In the formula, R ^1a and R ^1b each independently represent an alkyl group, an aryl group or a heteroaryl group, R ² and R ³ each independently represent a hydrogen atom or a substituent, and R ² and R ³ are They may be bonded to each other to form a ring, and each R ⁴ independently represents a hydrogen atom, an alkyl group, an aryl group, a heteroaryl group, —BR ^4A R ^4B , or a metal atom, and R ⁴ represents R ^At least one selected from ^1a , R ^1b and R ³ may be covalently bonded or coordinated, and R ^4A and R ^4B each independently represents a substituent.   The material according to any one of claims 1 to 6, wherein the compound B has a dye structure.   The dye structure is pyrrolopyrrole dye structure, diketopyrrolopyrrole dye structure, quinacridone dye structure, anthraquinone dye structure, dianthraquinone dye structure, benzoisoindole dye structure, thiazine indigo dye structure, azo dye structure, quinophthalone dye structure, Phthalocyanine dye structure, naphthalocyanine dye structure, dioxazine dye structure, perylene dye structure, perinone dye structure, benzimidazolone dye structure, benzothiazole dye structure, benzimidazole dye structure and benzoxazole dye structure, The material according to claim 7. The said compound B has at least 1 sort (s) chosen from an acidic group, a basic group, a hydrogen bond group, a dipole interaction group, and a (pi)-(pi) interaction group, The any one of Claims 1-8. Materials described in.

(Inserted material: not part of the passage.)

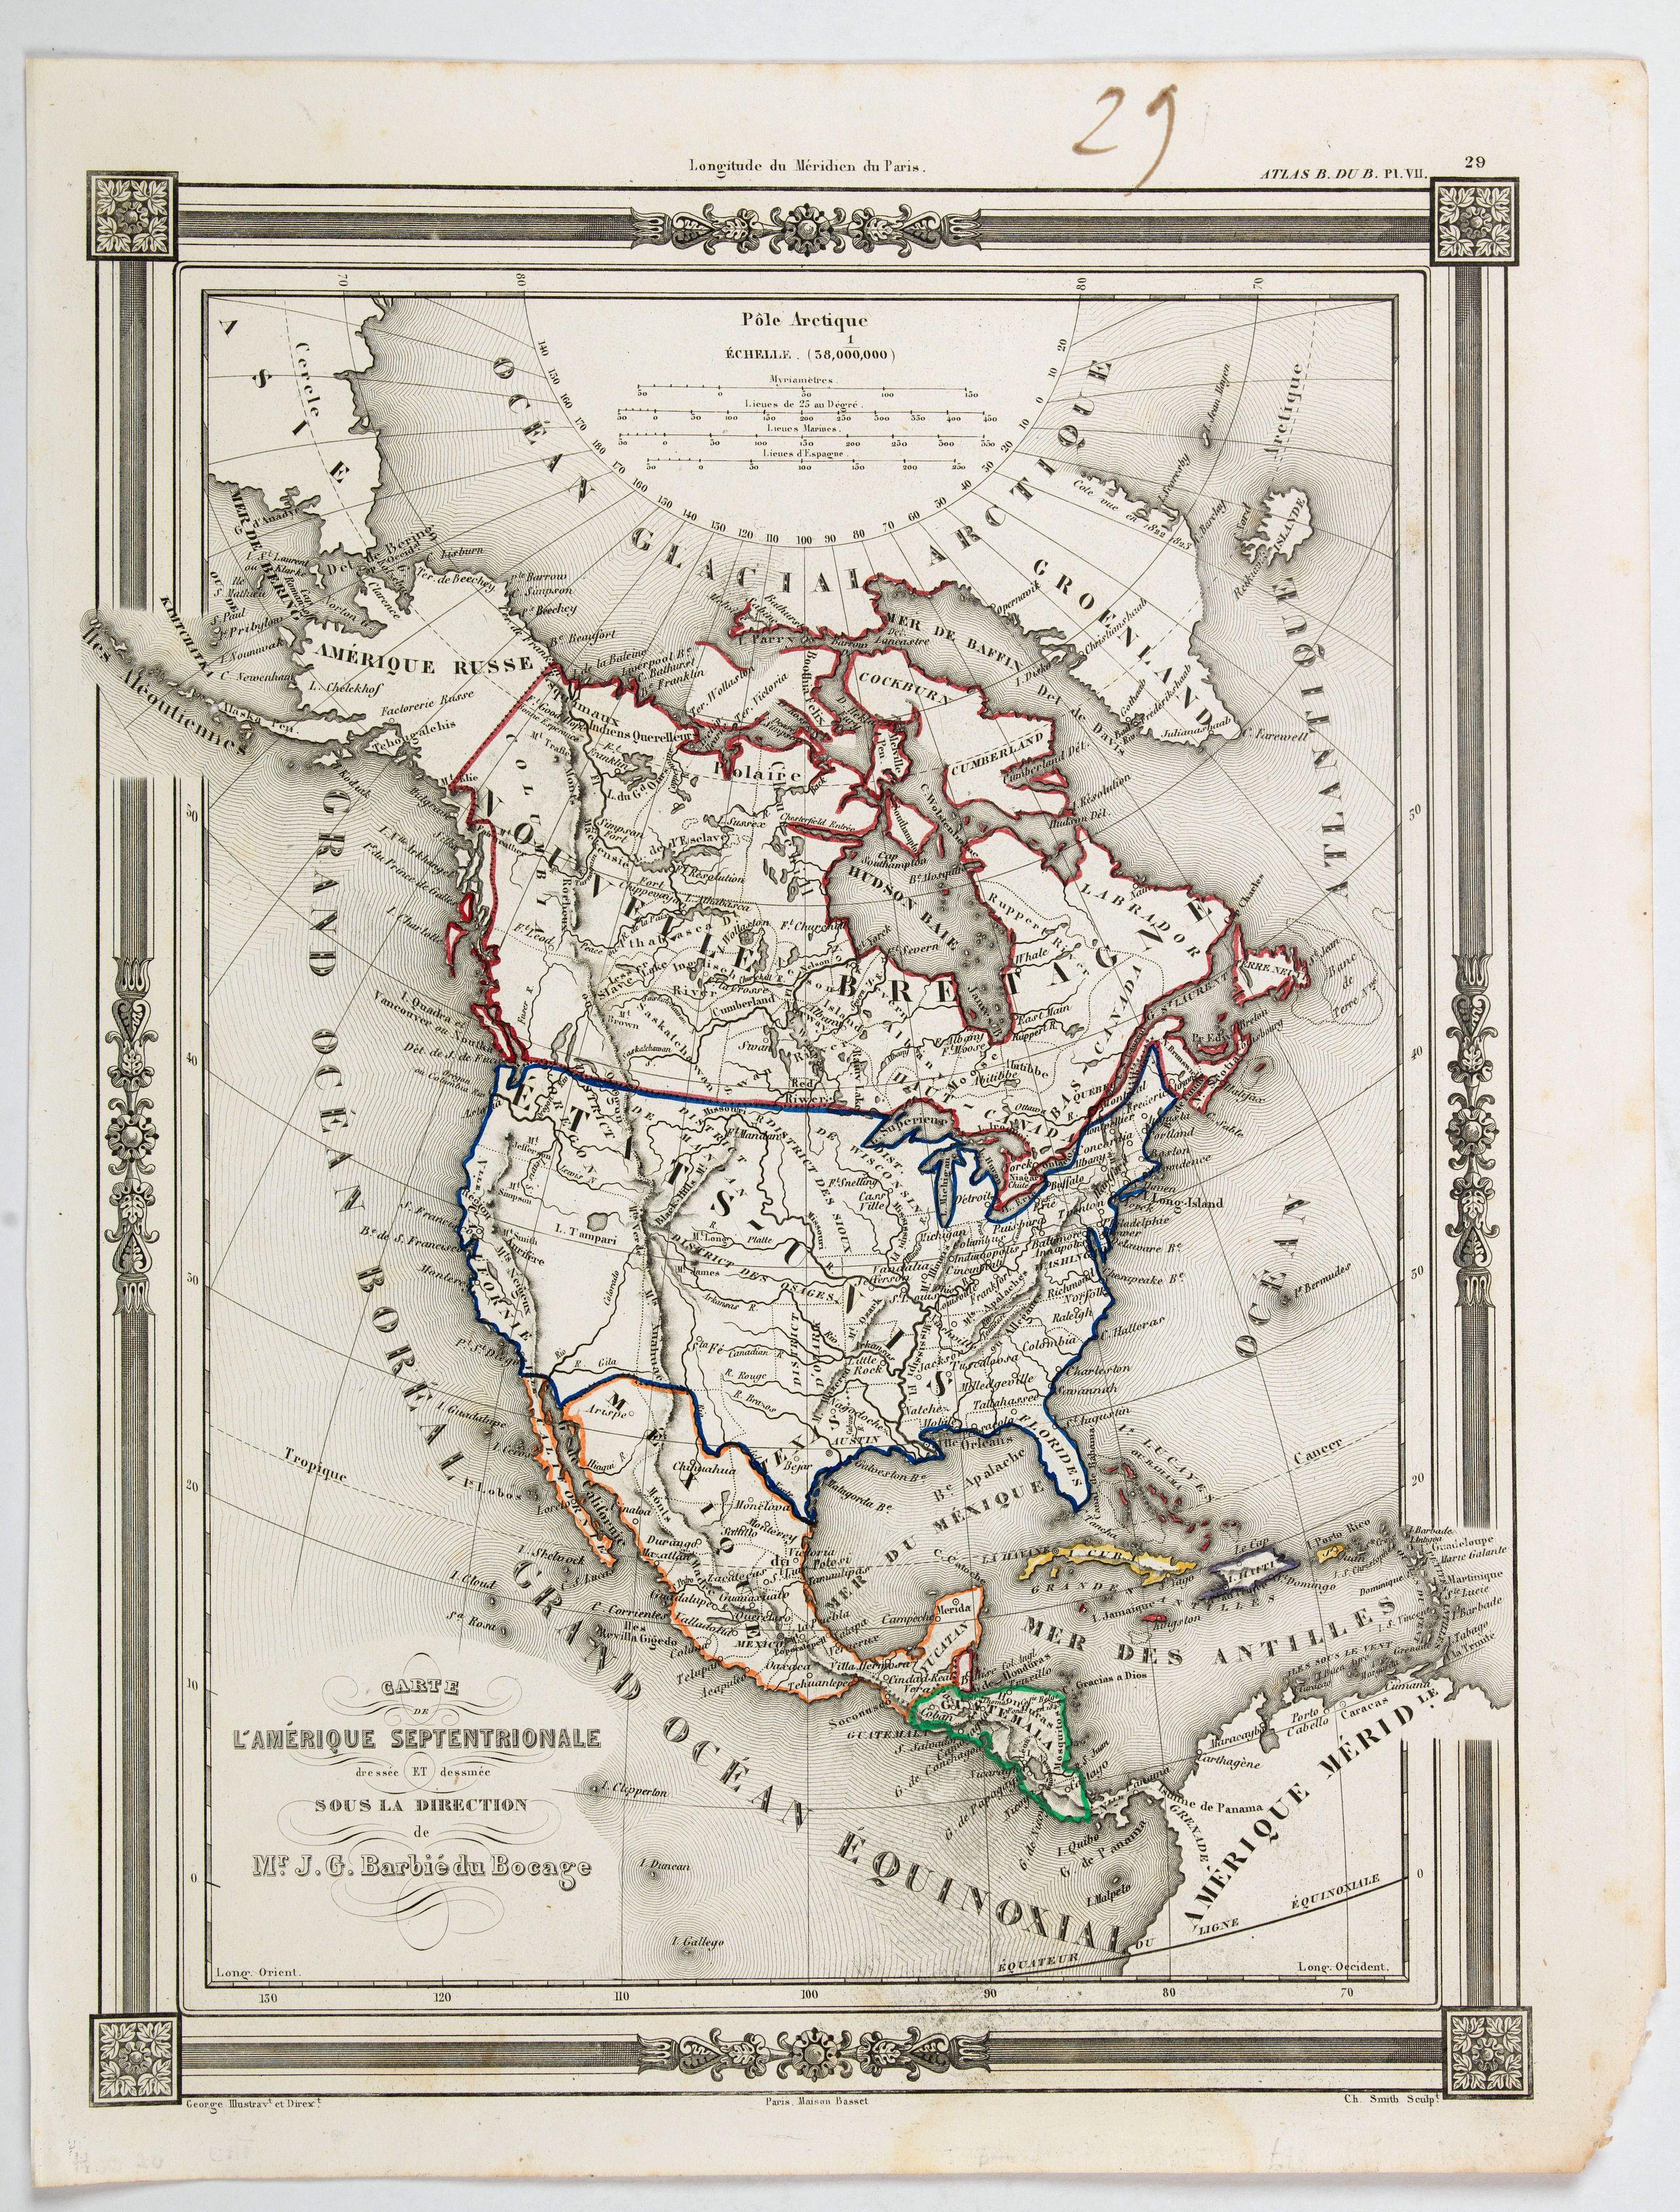 BARBIE du BOCAGE, J.G. - Carte de L'Amerique Septentrionale dresee et dessinee

  The composition containing the material of any one of Claims 1-9.   Furthermore, the composition of Claim 10 containing 1 or more types chosen from an organic solvent, resin, and a pigment derivative.   A curable composition comprising the composition according to claim 10 or 11 and a curable compound.   A cured film formed using the curable composition according to claim 12.   An optical filter having the cured film according to claim 13.   The optical filter according to claim 14, which is at least one selected from a color filter, an infrared cut filter, and an infrared transmission filter. A pixel of the cured film according to claim 13;
At least one pixel selected from red, green, blue, magenta, yellow, cyan, black and colorless;
The optical filter according to claim 14, comprising:   A solid-state imaging device having the cured film according to claim 13.   An infrared sensor having the cured film according to claim 13.   A camera module comprising a solid-state imaging device and the cured film according to claim 13. A method for producing a material comprising a pigment A and a compound B having a structure having an adsorptivity to a resin,
A method for producing a material, wherein the pigment A is synthesized by reacting the raw material compound of the pigment A in the presence of the compound B having a structure having an adsorptivity to a resin.